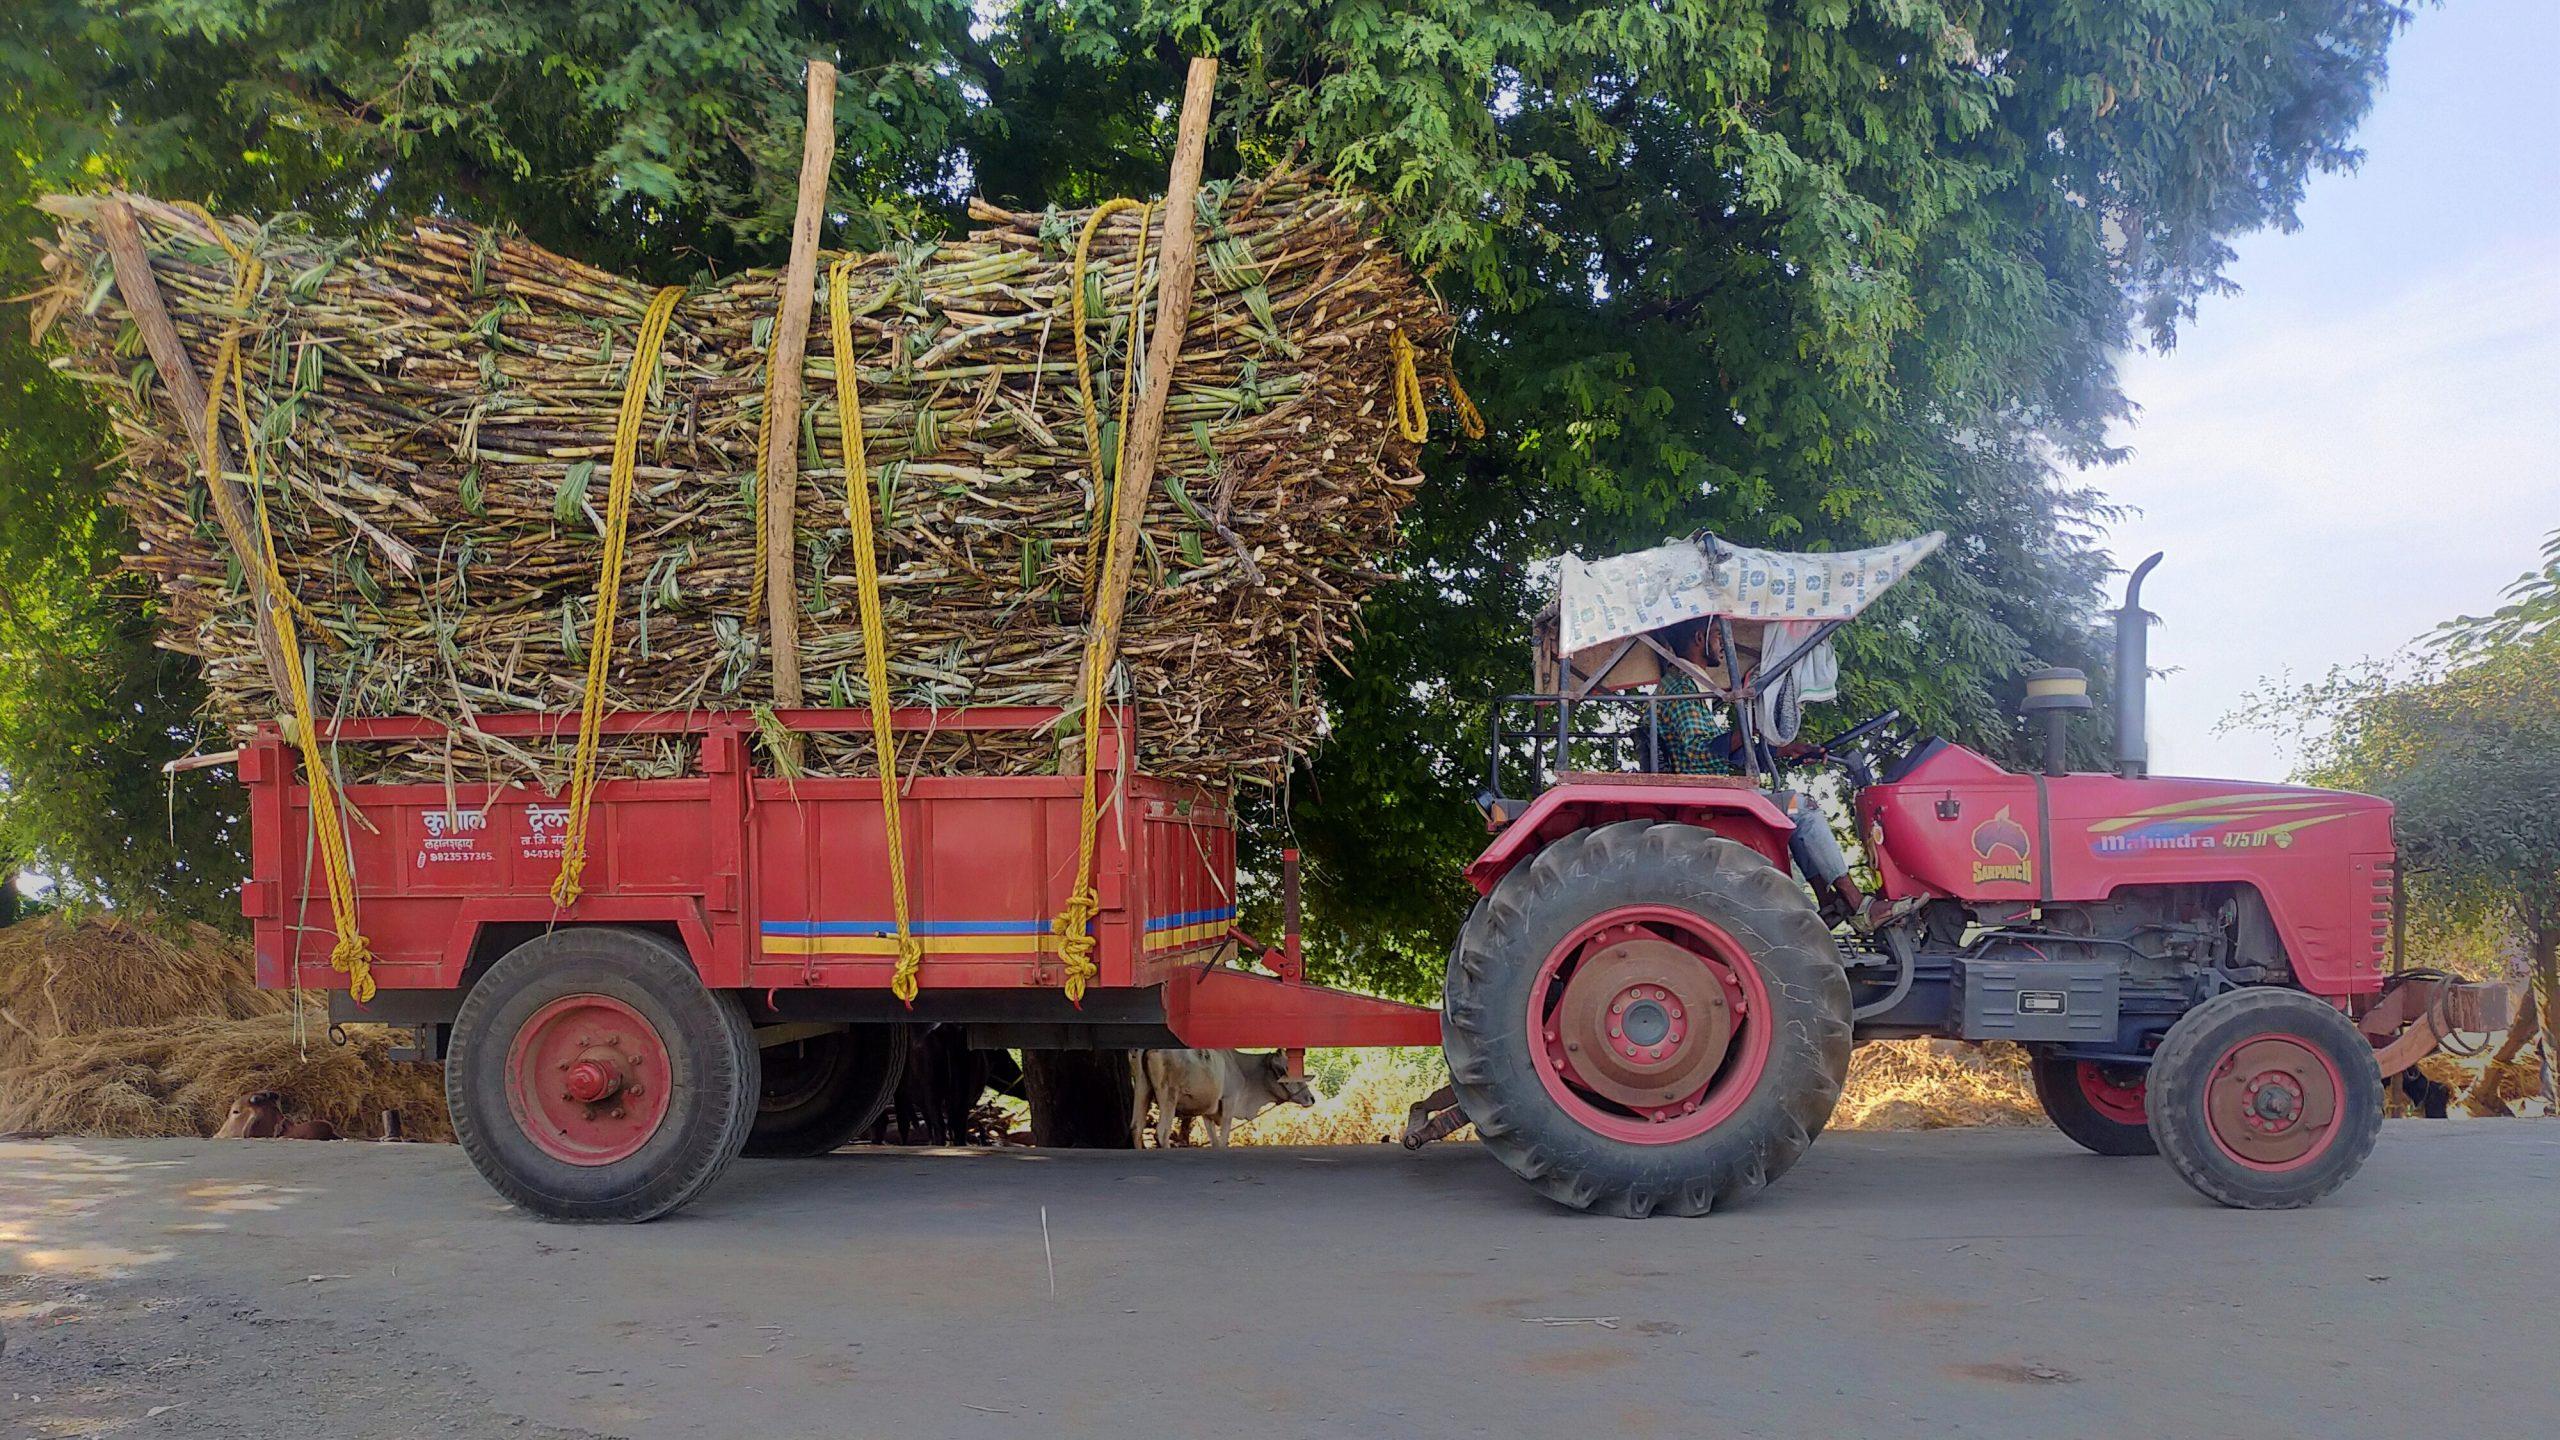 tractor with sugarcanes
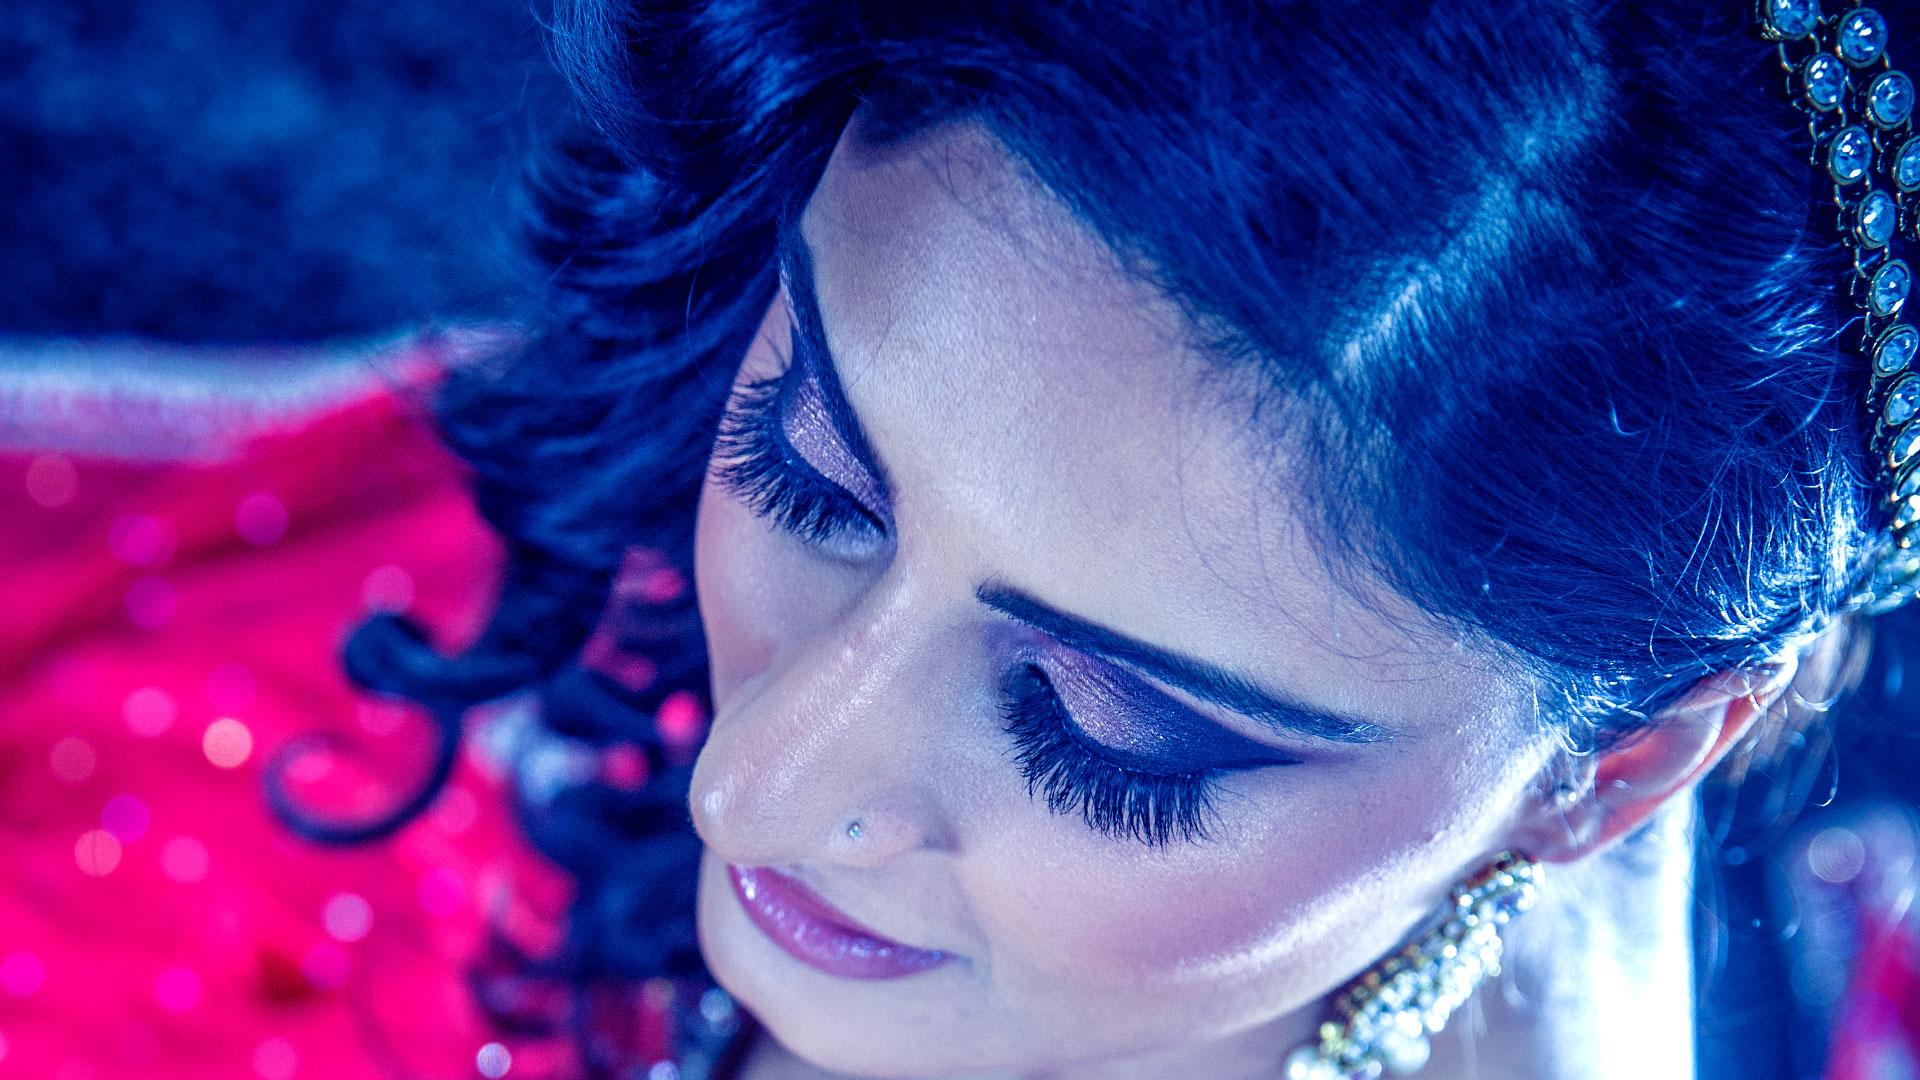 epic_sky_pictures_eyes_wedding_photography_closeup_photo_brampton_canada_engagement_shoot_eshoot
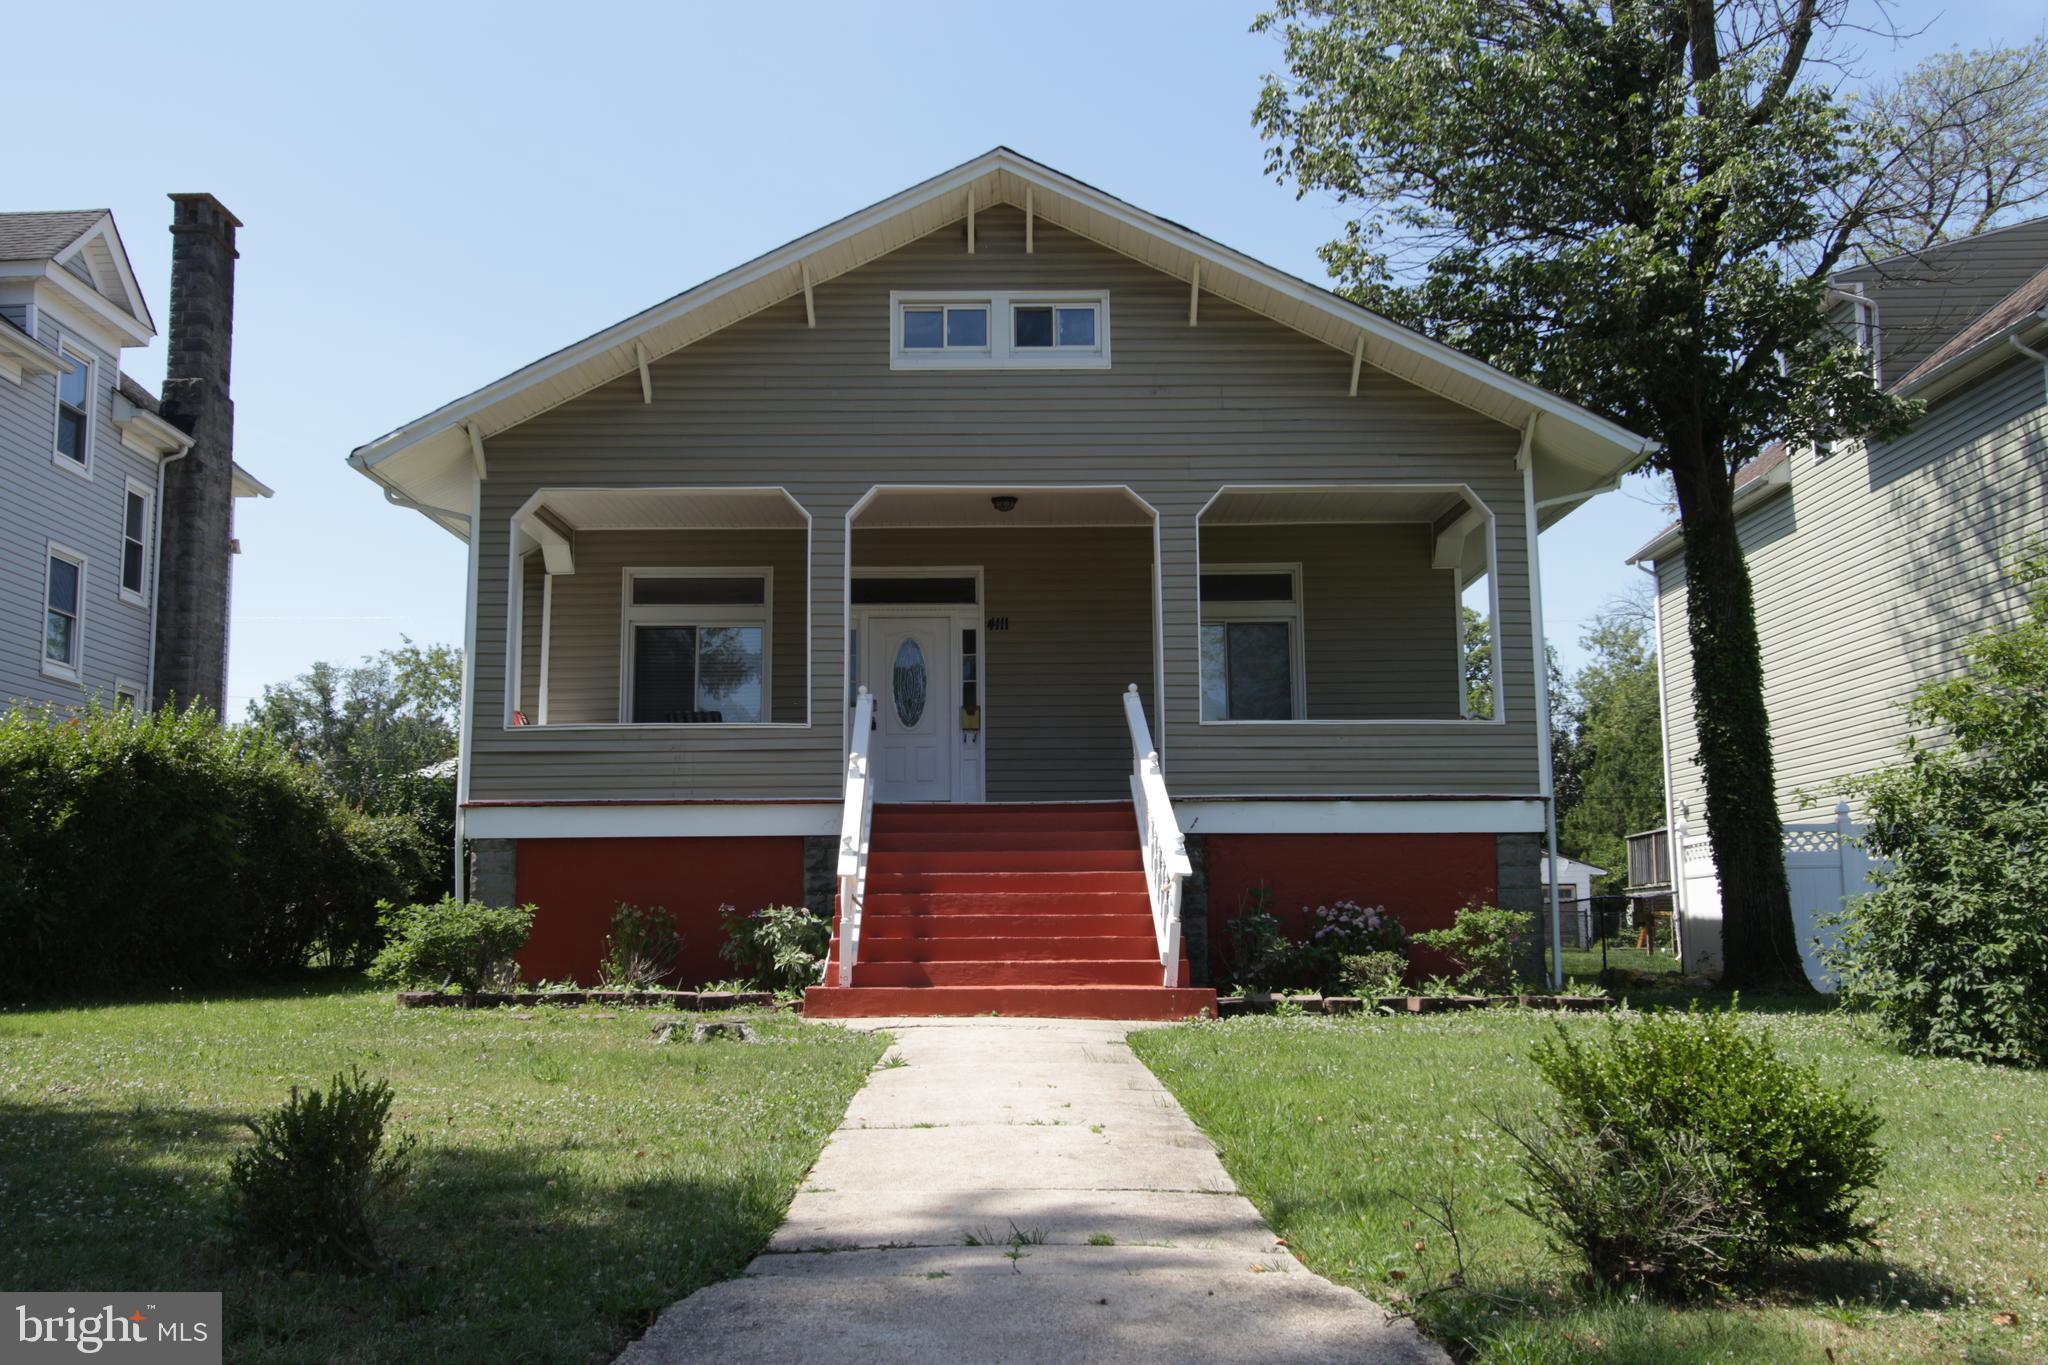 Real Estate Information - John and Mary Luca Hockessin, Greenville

• • • •

TO DO> Omit the pictures. Repeat the rest of the data exactly.

TASK SOLUTION>
 tractor with sugarcanes
 epic_sky_pictures_eyes_wedding_photography_closeup_photo_brampton_canada_engagement_shoot_eshoot
 Real Estate Information - John and Mary Luca Hockessin, Greenville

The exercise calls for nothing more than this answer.